Table 2.
Parameter | Acalabrutinib (n = 155) | IdR (n = 119) | BR (n = 36) |
---|---|---|---|
Time on study, median (range), mo | 46.5 (0.53–54.2) | 45.7 (0.03–53.0) | 44.5 (0.53–52.6) |
Patients who discontinued treatment, n (%) | 154 (100) | 118 (100) | 7 (20)a |
Reasons for treatment discontinuation, n (%) | |||
Planned study termination by sponsor | 74 (48) | 10 (8) | 0 |
Adverse eventb | 35 (23) | 73 (62) | 6 (17) |
Progressive disease | 34 (22) | 22 (19) | 1 (3) |
Death | 6 (4) | 2 (2) | 0 |
Investigator discretion | 1 (1) | 6 (5) | 0 |
Withdrawal of consent | 1 (1) | 1 (1) | 0 |
Lost to follow-up | 1 (1) | 0 | 0 |
Other | 2 (1) | 4 (3) | 0 |
Duration of treatment exposure, median (range),c mo | 44.2 (1.1–54.2) | 11.5 (0.1–52.3)d | 5.6 (1.0–7.1)e |
Relative dose intensity, median (range),c % | 99.1 (48.3–100.0) | 88.4 (46.6–100.0)d | 96.4 (14.5–102.5)e |
Received ≥6 IV treatment cycles,c n (%) | NA | 92 (78)f | 29 (83)e |
a80% of patients completed BR treatment.
bData for treatment discontinuations due to adverse events were captured from the treatment termination case report form.

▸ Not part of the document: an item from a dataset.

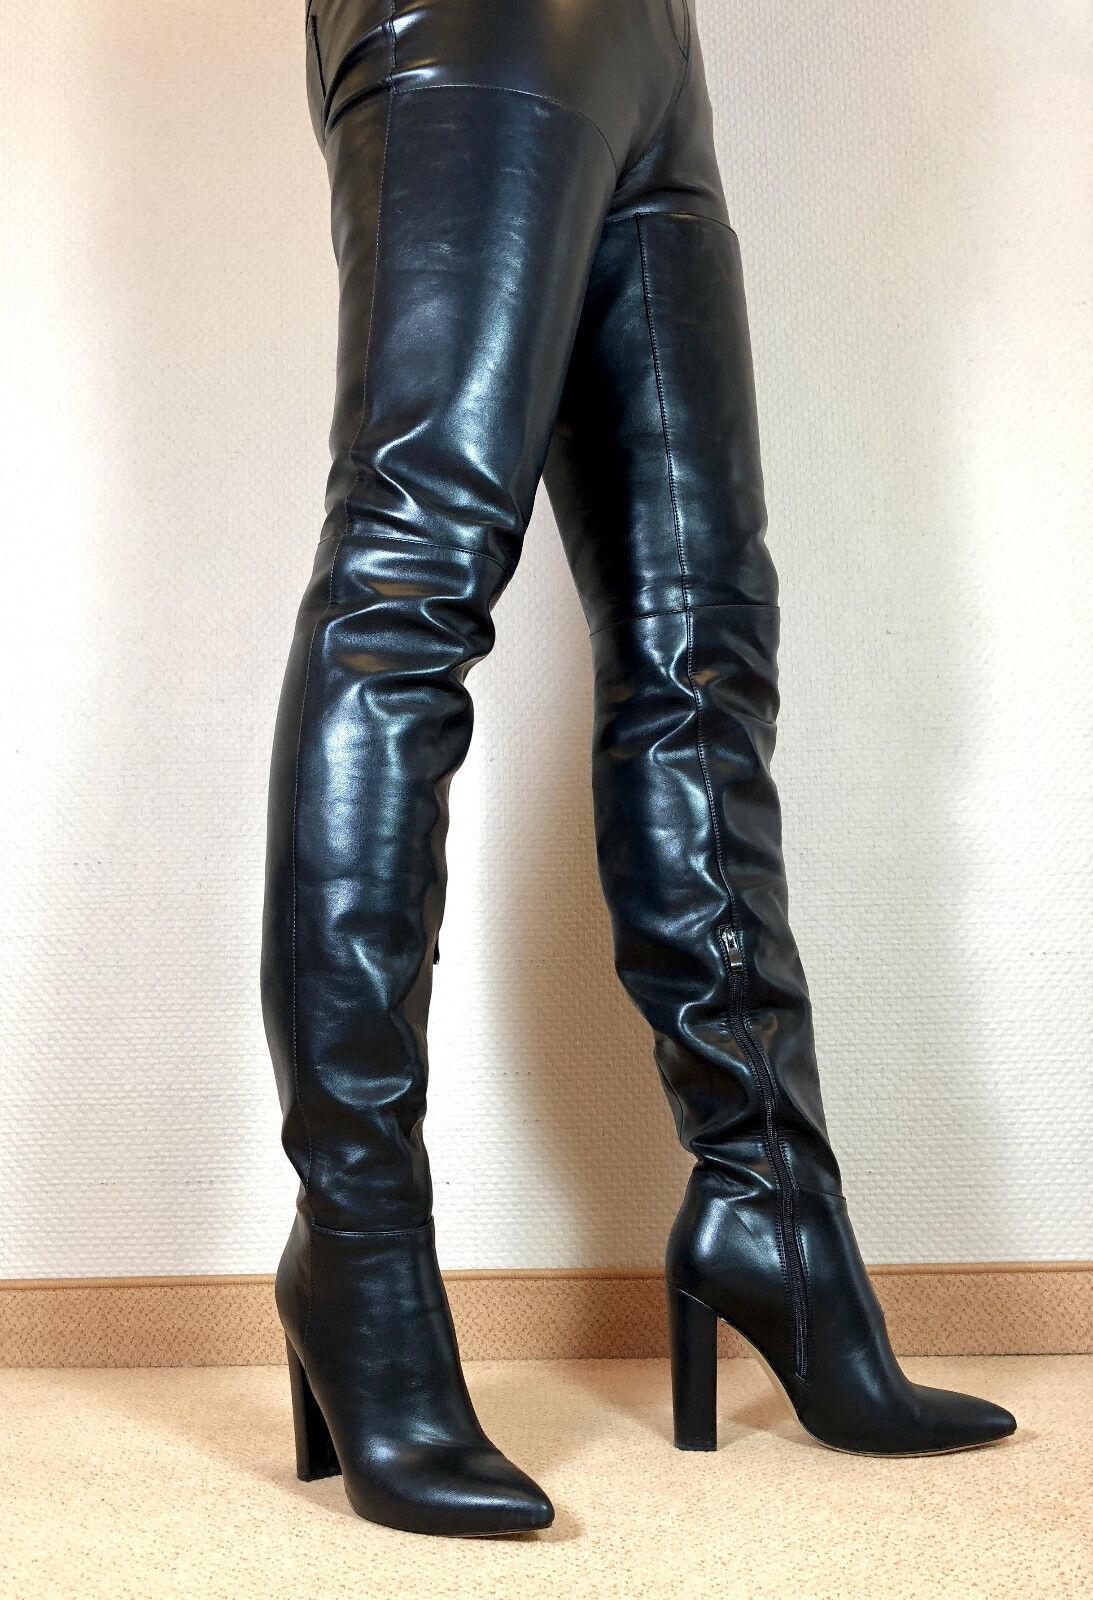 Talla 46 top  en exclusiva sexy zapatos señora botas altas Stiletto botas hombres botas f5
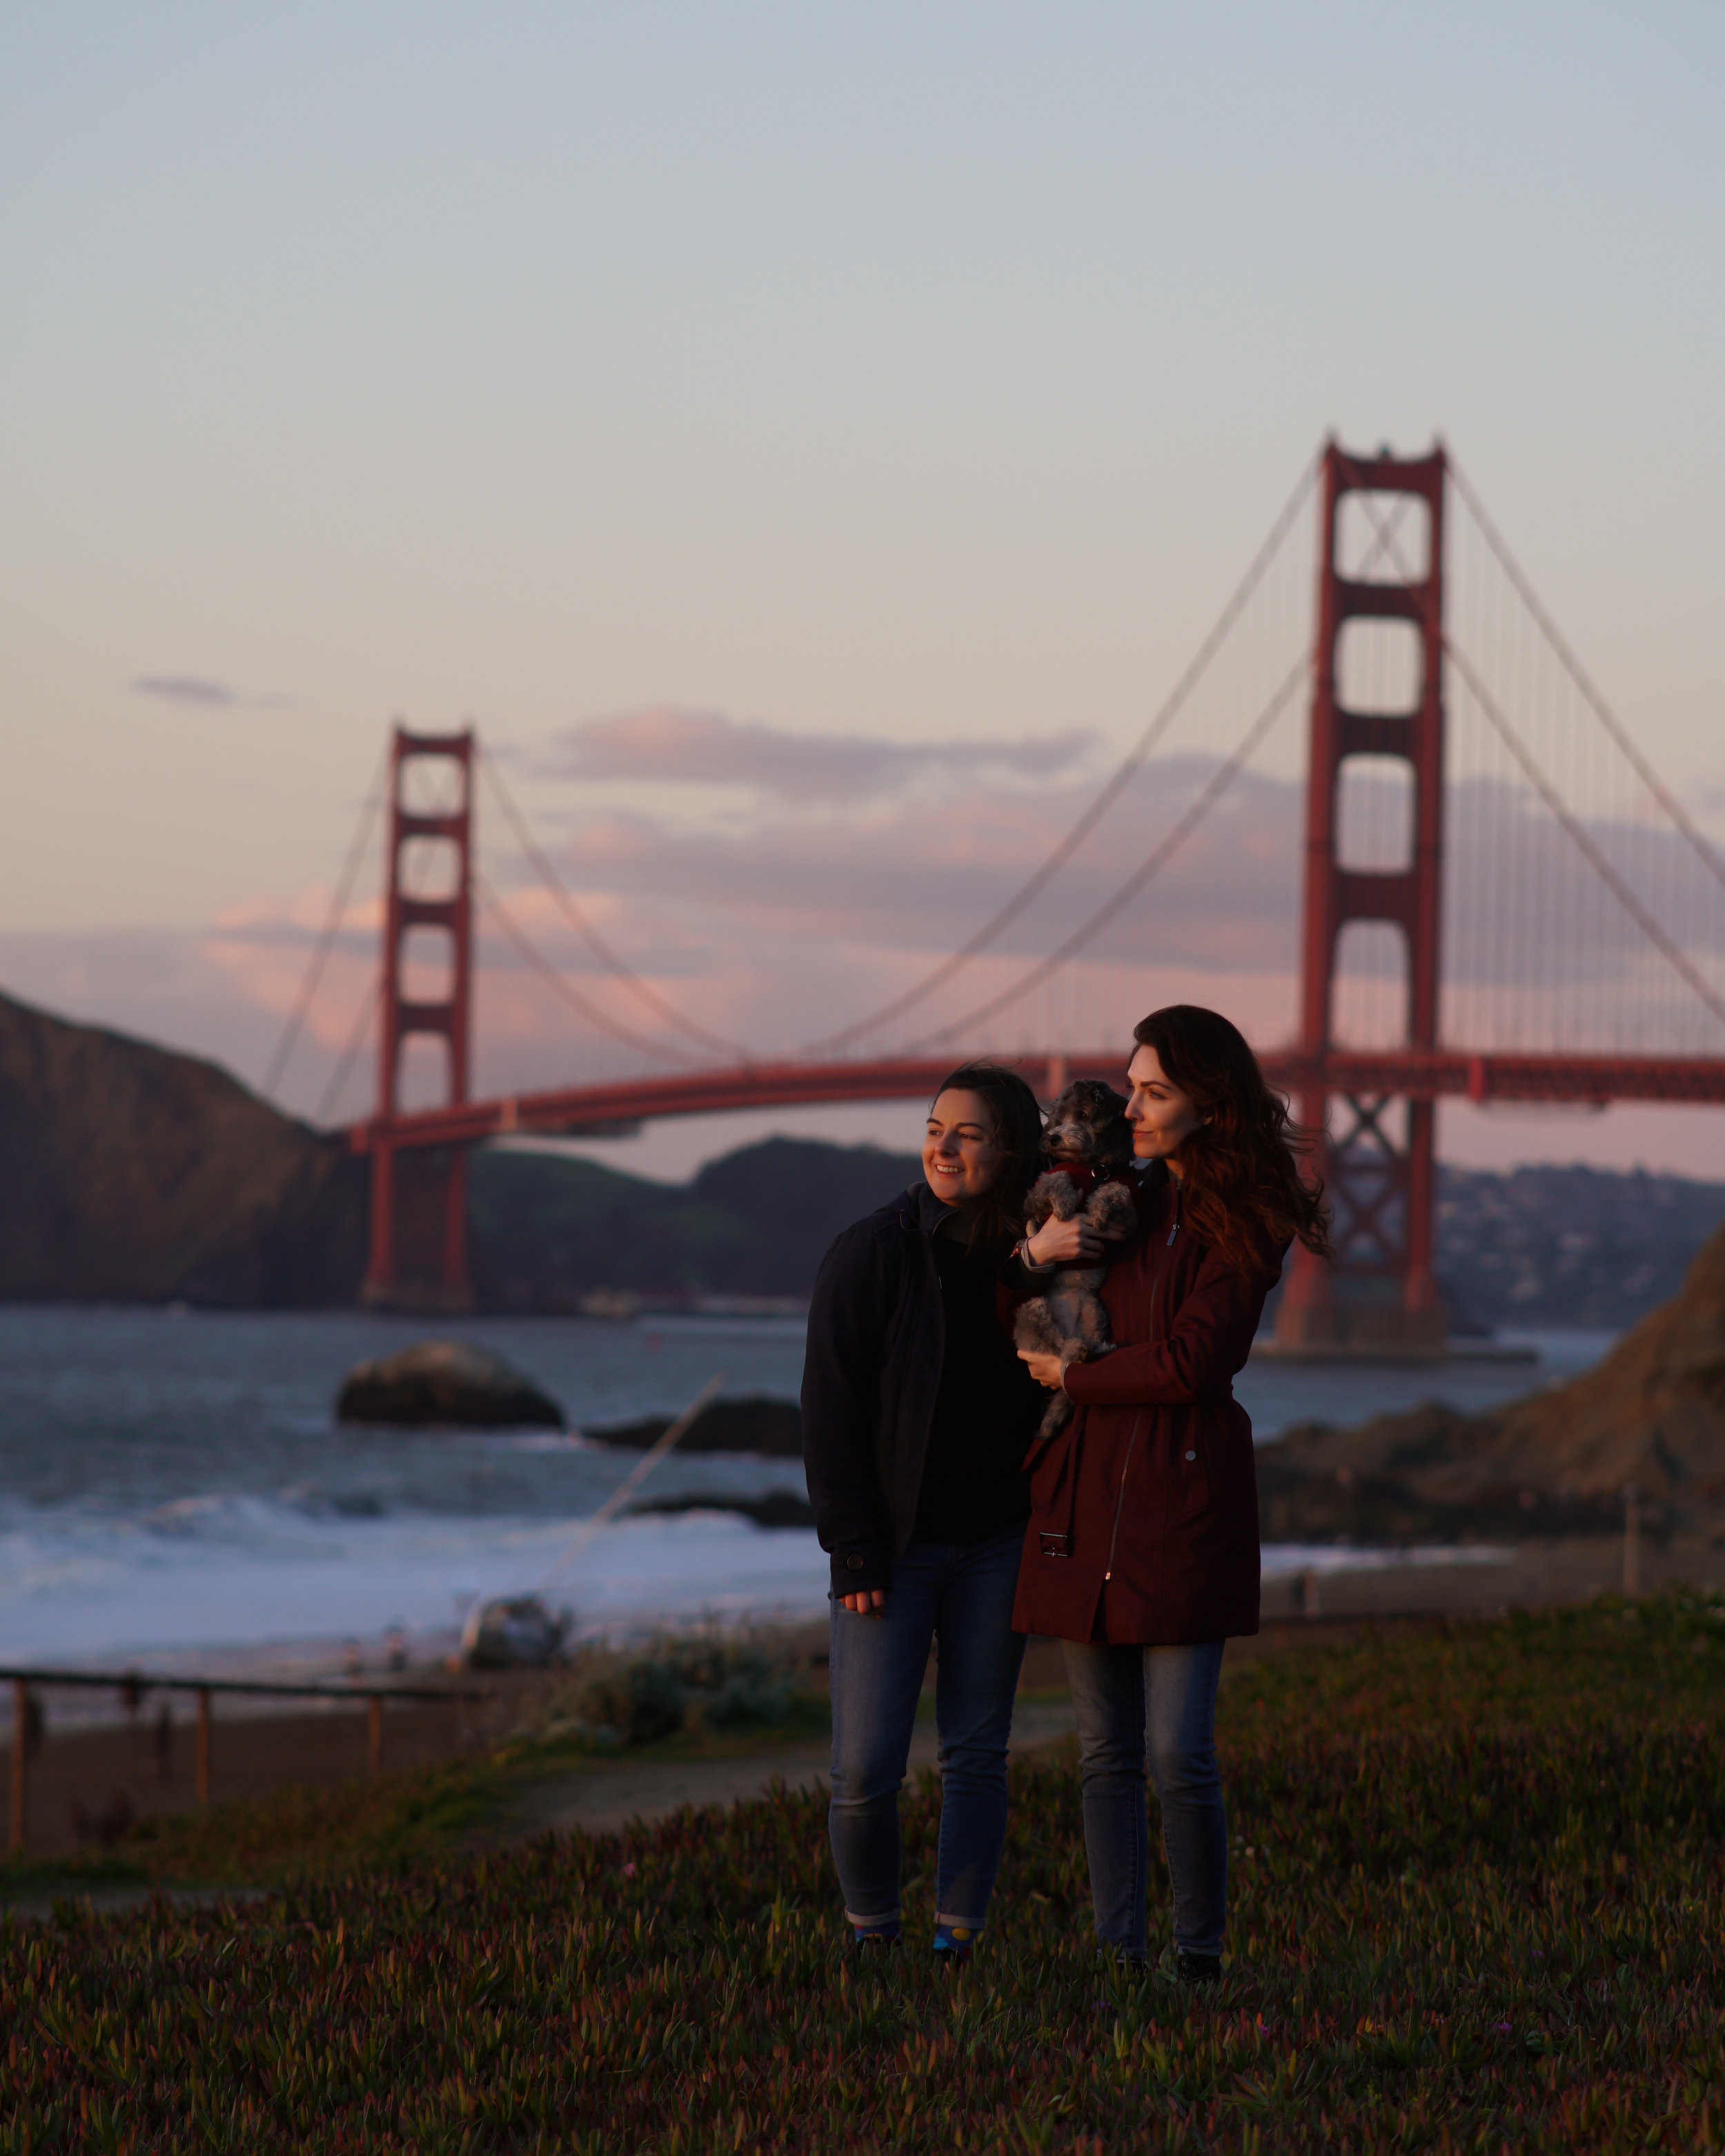 Steph & Katie Golden Gate Bridge.jpg

cThree patients were randomized but not treated (acalabrutinib, n = 1; IdR, n = 1; BR, n = 1) and are not included in the treatment exposure calculations.
dIdelalisib only.
eBendamustine only.
fRituximab only.
BR = bendamustine plus rituximab; IdR = idelalisib plus rituximab; IV = intravenous; NA = not applicable.